Wideo: Lotnictwo Starożytnych: Opinia Zawodowego Pilota - Alternatywny Widok

Wideo: Lotnictwo Starożytnych: Opinia Zawodowego Pilota - Alternatywny Widok
Wideo: (16) Jak zostałem pilotem ... 2024, Październik
Anonim

Balash Ismayilov - były pilot, emerytowany podpułkownik. Niemal całe życie służył na Dalekim Wschodzie. Ale to jest jego oczywista strona życia i jest też tajemnica: porywa go historia, ale nie w szerokim znaczeniu tego słowa, ale w wąskim.

Ismayilov interesuje się latającymi maszynami starożytności, studiuje je, zbiera wszystkie dostępne informacje i, jeśli to możliwe, podróżuje, aby na własne oczy zobaczyć w różnych muzeach eksponaty, które przyciągają jego uwagę jako zawodowego pilota.

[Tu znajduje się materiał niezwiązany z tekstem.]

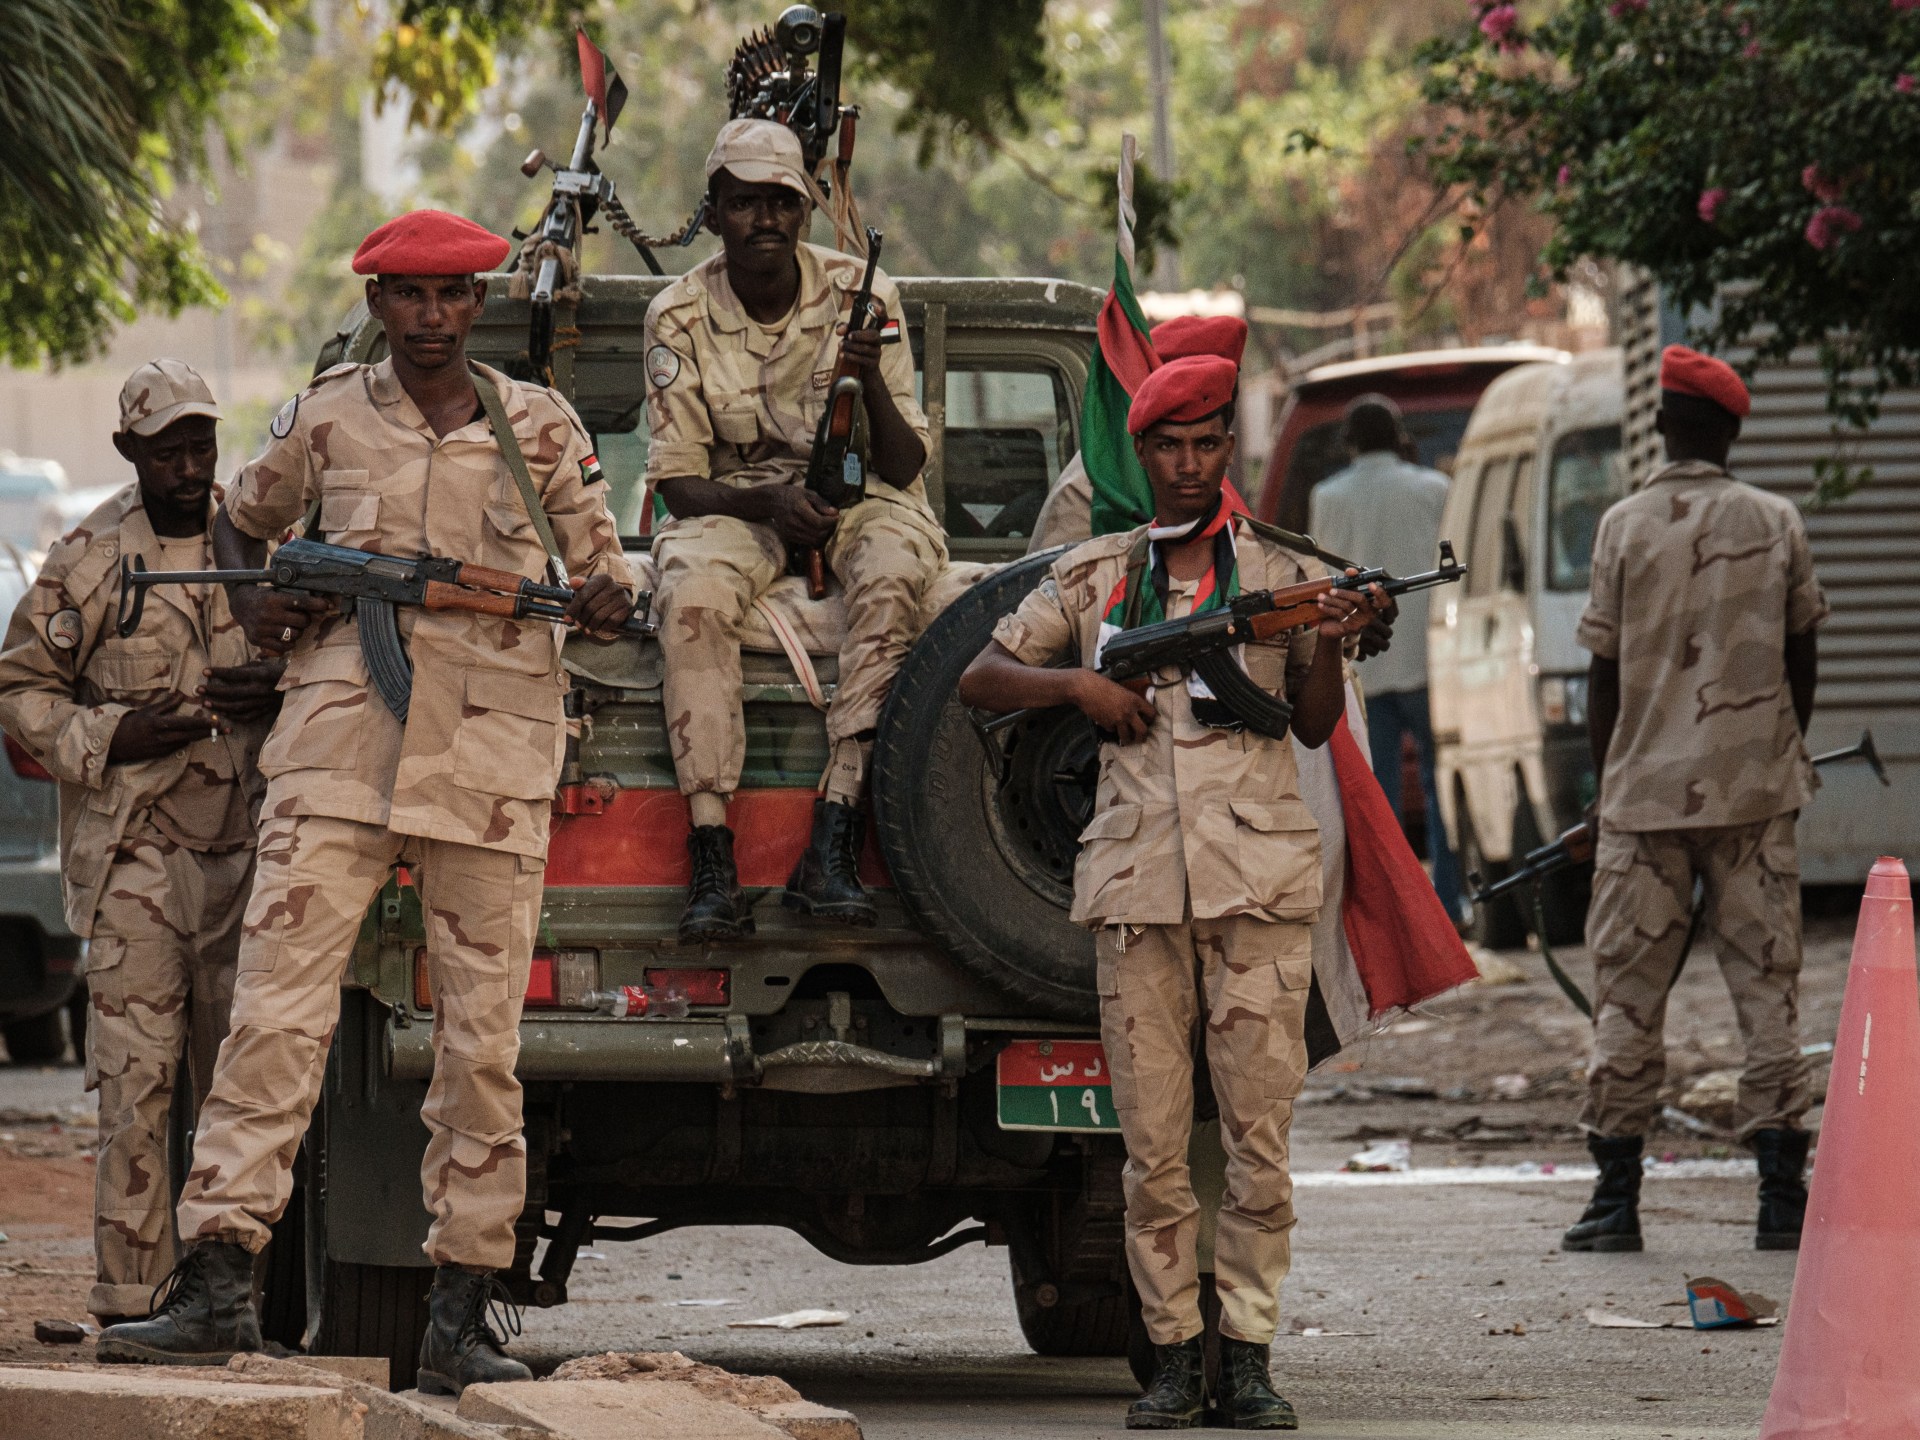 قصف متبادل بين الجيش والدعم السريع على ضفتي النيل في الخرطوم | أخبار – البوكس نيوز

Jak narodziło się twoje hobby?

- Służąc w lotnictwie nie mogłem przestać myśleć o tym, co robili ludzie w minionych wiekach, kiedy chcieli latać tak jak ja. Od dziecka interesują mnie starożytne legendy i mity o lotach ludzkich. Pierwszym był starożytny grecki mit o Ikara i Dedalu, przeczytałem go, gdy miałem dziesięć lat. Jeśli pamiętasz, wosk, który trzymał pióra w skrzydłach Ikara, stopił się od zbliżenia się do słońca i Ikar upadł. Gdy byłem mały, wierzyłem w to.

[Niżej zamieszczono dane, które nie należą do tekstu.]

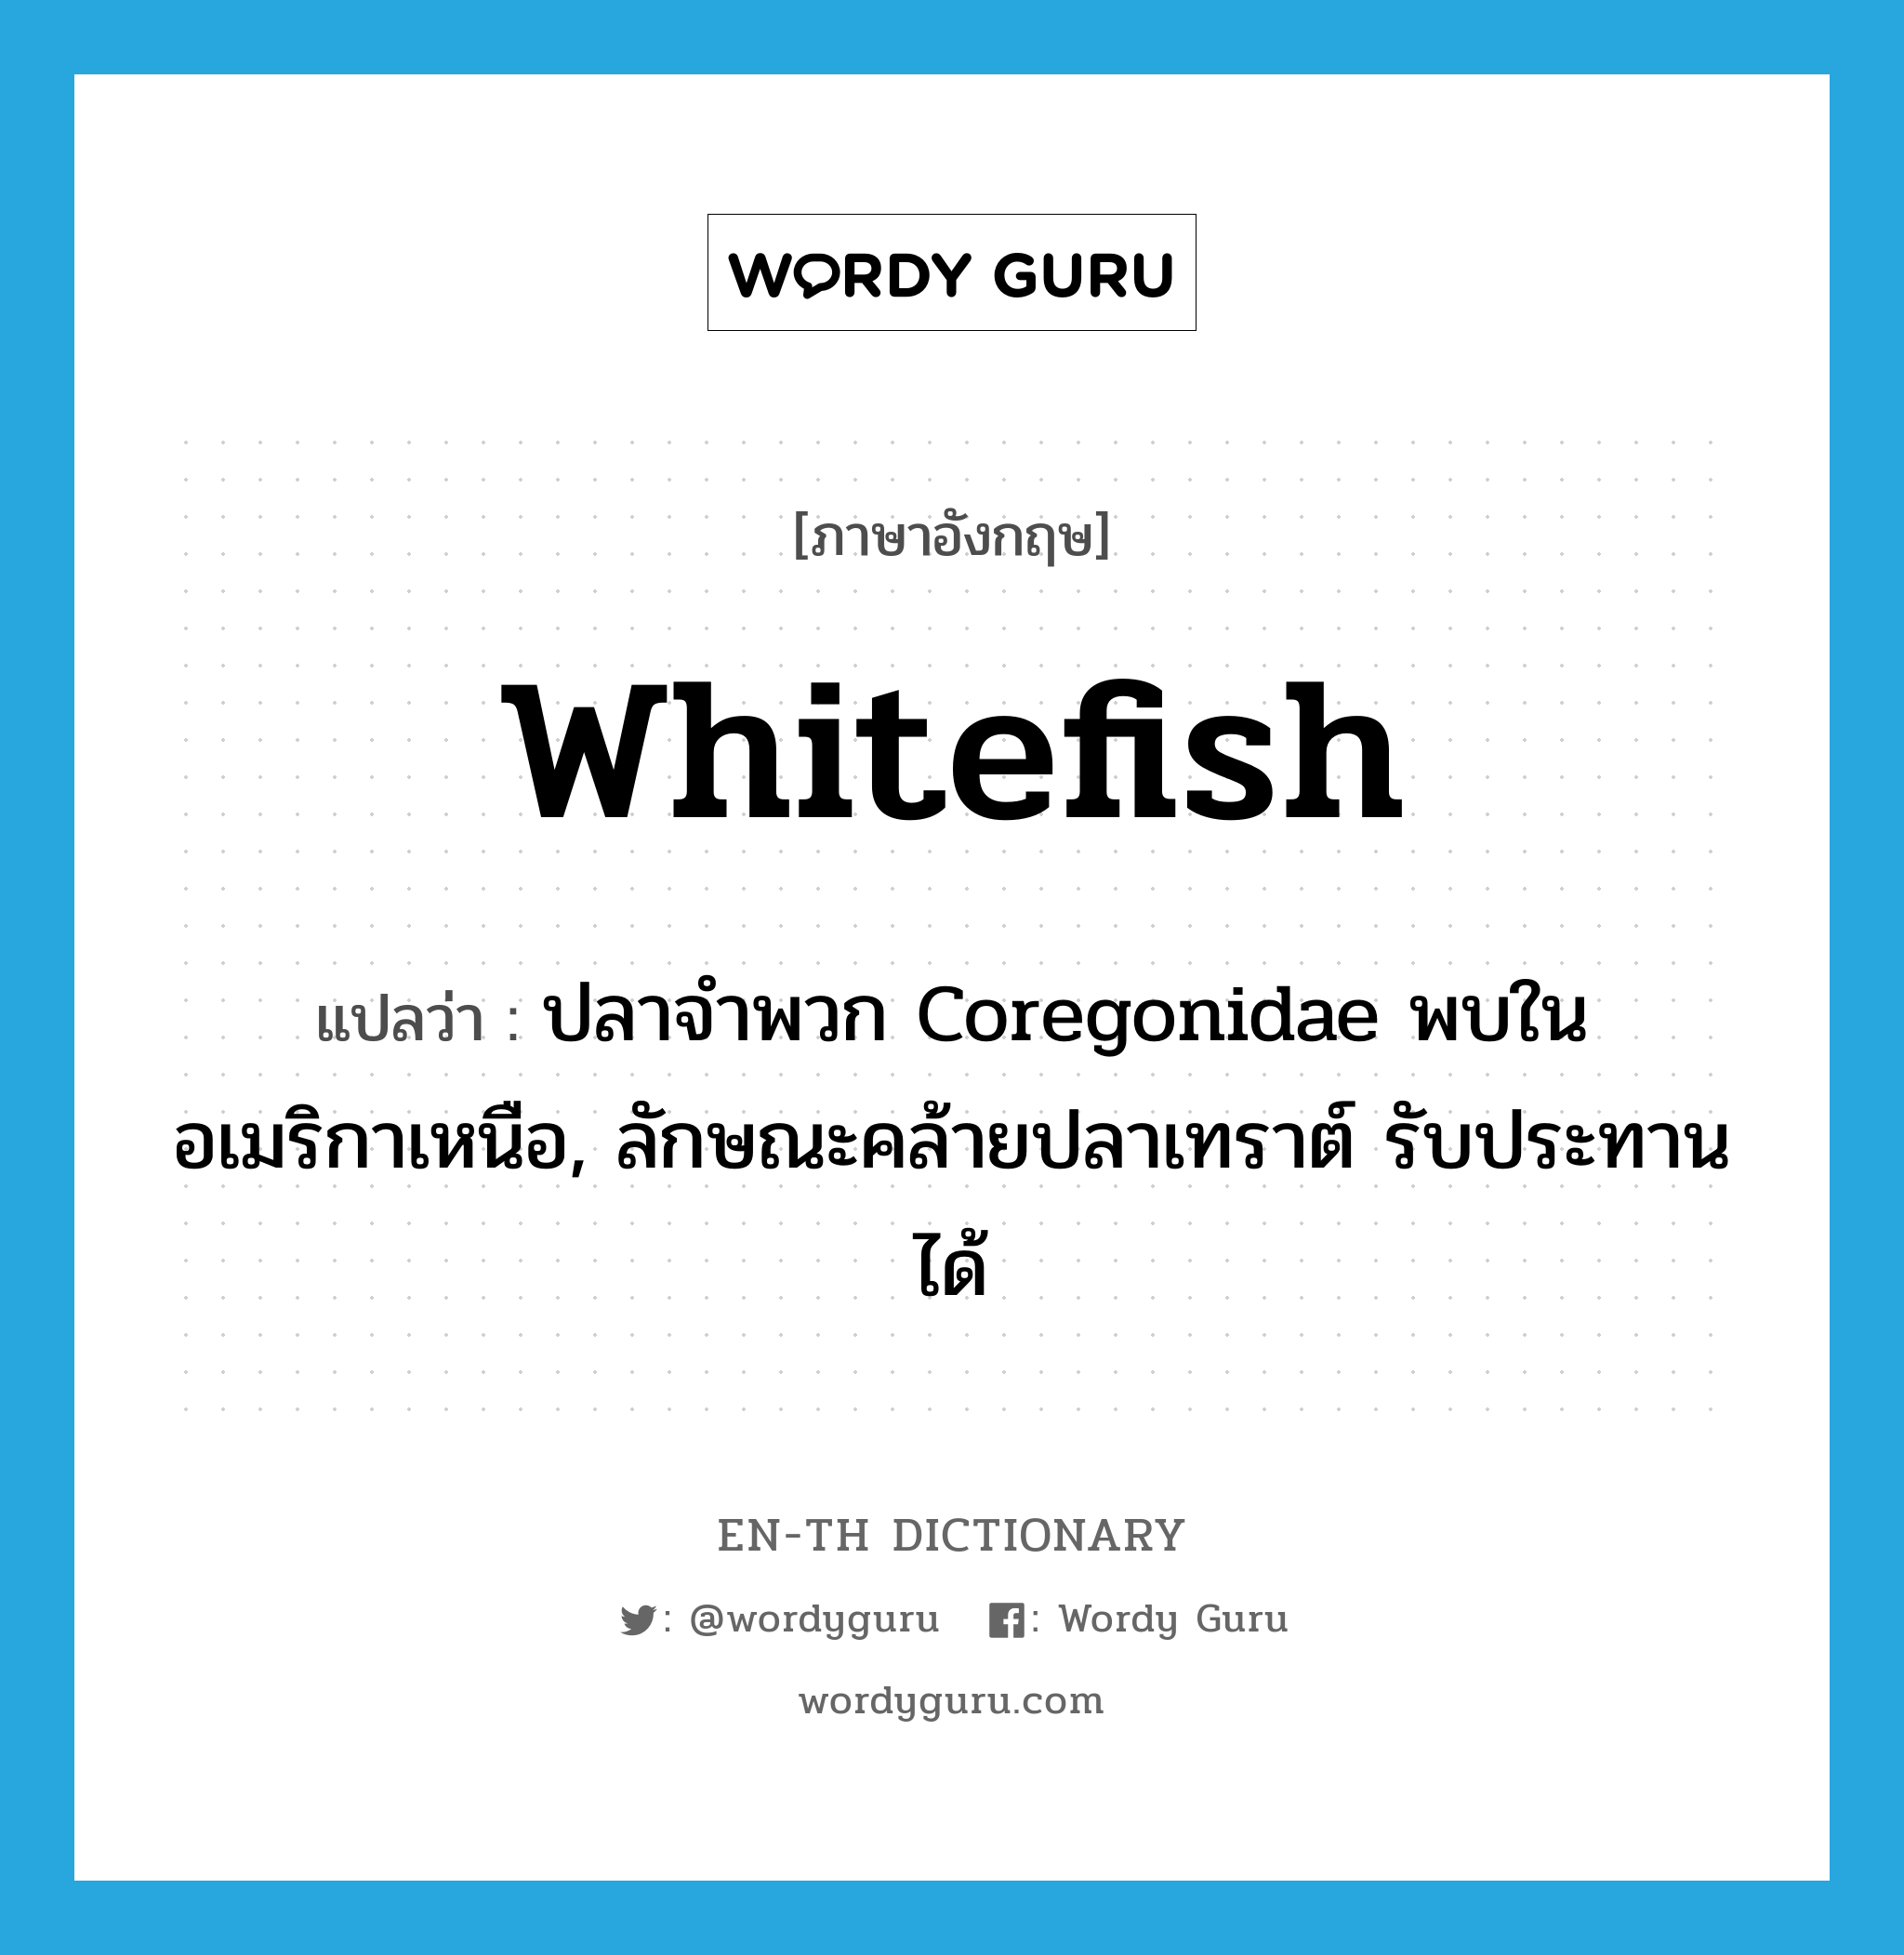 ปลาจำพวก Coregonidae พบในอเมริกาเหนือ, ลักษณะคล้ายปลาเทราต์ รับประทานได้ ภาษาอังกฤษ?, คำศัพท์ภาษาอังกฤษ ปลาจำพวก Coregonidae พบในอเมริกาเหนือ, ลักษณะคล้ายปลาเทราต์ รับประทานได้ แปลว่า whitefish ประเภท N หมวด N

Kiedy stałem się dorosły, zdałem sobie sprawę, że koniec mitu najwyraźniej nie został wymyślony przez tych, którzy stali u jego początków, ponieważ im wyżej od ziemi, tym zimniej. Dlatego nie można było mówić o stopieniu wosku. Kiedy zacząłem na poważnie zbierać informacje o starożytnych maszynach latających, ze zdziwieniem dowiedziałem się, że Dedal wcale nie jest postacią mityczną, ale postacią historyczną. Pisał o nim starożytny rzymski poeta Owidiusz w dziele „Metamorfozy”. Mówił o Dedalu jako o utalentowanym architekcie i wynalazcy.

A co się wtedy stało?

- Usiadłem do książek, zacząłem studiować wszystko, co miałem pod ręką. W latach 80. i 90. było to dość trudne, biblioteki garnizonowe były nie tylko biedne, ale i biedne. Kiedy pojawił się Internet, stało się znacznie łatwiejsze. Wędrując w jej głębi, natknąłem się na wiadomość od Międzynarodowej Akademii Studiów nad Sanskrytem. Mówił o starożytnym indyjskim manuskrypcie „Samaranga Sutradhara”, który wspominał o licznych lotach człowieka za pomocą pewnych urządzeń zwanych vimanami.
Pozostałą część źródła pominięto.